- Location: Charlottesville, Virginia, USA
- Appellation: Monticello AVA
- Founded: 2000
- Key people: Dave Matthews, owner Kirsty Harmon, winemaker Justin Bennett, TR Manager Ryan Bennett, Club Manager Scott Wilcox, Operations Manager
- Cases/yr: 5,500
- Known for: Petit Verdot
- Varietals: Chardonnay, Cabernet Sauvignon, Merlot, Viognier, Petit Verdot
- Tasting: Open to the Public, small fee required
- Website: www.blenheimvineyards.com

= Blenheim Vineyards =

Winery in Albemarle, Virginia, US

Blenheim Vineyards is a winery located in the Piedmont region of the Commonwealth of Virginia in the county of Albemarle. It is located within both the Virginia and Monticello viticultural areas and is among the 23 wineries located on the "Monticello Wine Trail".

==History==
Blenheim Vineyards is located on the historic Virginia farm claimed in 1730 by Secretary of the Virginia Colony John Carter who had a grant for 9,350 acres of land in Albemarle County, Virginia just south of Monticello near what is now known as Carter's Mountain. Carter maintained a mill there and his son Colonel Edward Carter built the first house there at Blenheim. The British Commander Major General William Philips resided at Blenheim while a prisoner during the Revolutionary War. Both Thomas Jefferson and Martha Jefferson were frequent guests at Blenheim during Phillips' captivity there. The Blenheim house was offered for sale at a public auction in 1840 after the original house had been destroyed by fire.

Blenheim farm was purchased in 1999 by musician Dave Matthews of the Dave Matthews Band. The Matthews family purchased the land to preserve Blenheim's historical significance and to eventually farm the land in some way. The Matthews family made the decision to plant new grape vines on the remnants of an old vineyard that was on the property. Brad McCarthy was one of the original winemakers at Blenheim Vineyards along with Peter Matthews. Dave Matthews is on the growing list of celebrities who own wineries and vineyards.
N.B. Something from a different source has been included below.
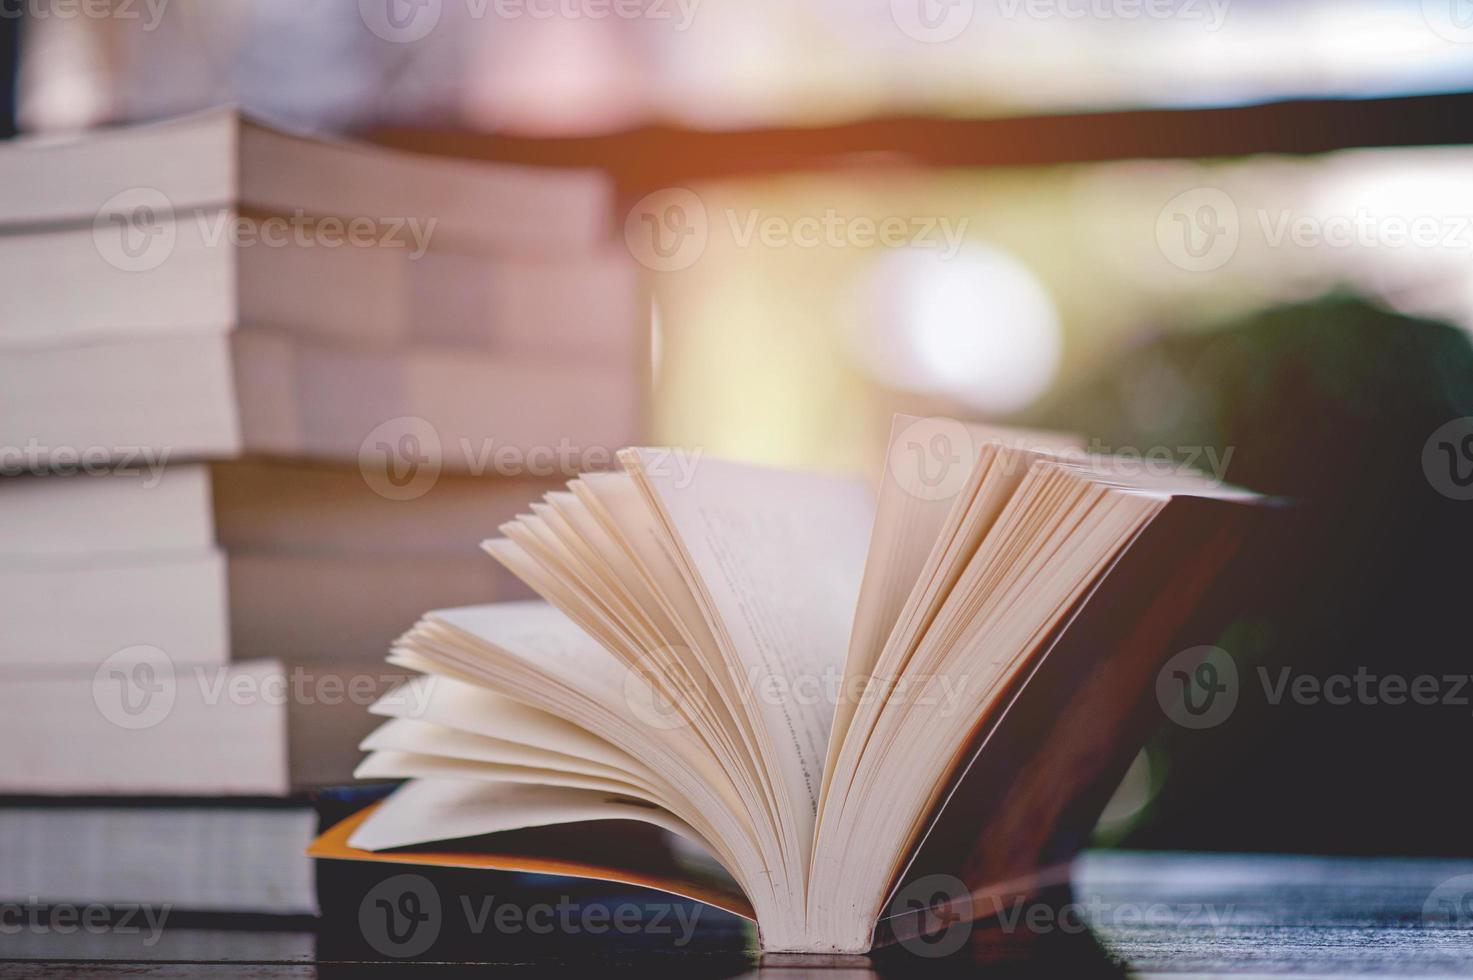 bok placerad på skrivbordet en massa böcker, vackra färger för att studera, kunskap, utbildning - bilder foto

In 2008 the current Blenheim winemaker Kirsty Harmon joined Blenheim vineyards. Harmon, one of several female winemakers in Virginia, is a graduate of the University of Virginia and studied under Virginia winemaker Gabriele Rausse at the Kluge Estate owned by the deceased billionaire John Kluge's ex-wife Patricia Kluge.

==Production==
Blenheim Vineyards has 30 acre under vine. The first planting was in 2000 and the second planting was in 2007. The grapes growing on the Blenheim property include Viognier, Chardonnay, Cabernet Franc, Cabernet Sauvignon, and Petit Verdot. Some grapes used in Blenheim wines are also sourced from other Virginia growers. Currently the winery produces 5500 winecase.

Blenheim makes their Viogniers by using a mix of both barrel and tank fermented wine. Blenheim also relies on neutral, straightforward yeast strains, and use exclusively screw-cap closures on all of their wines.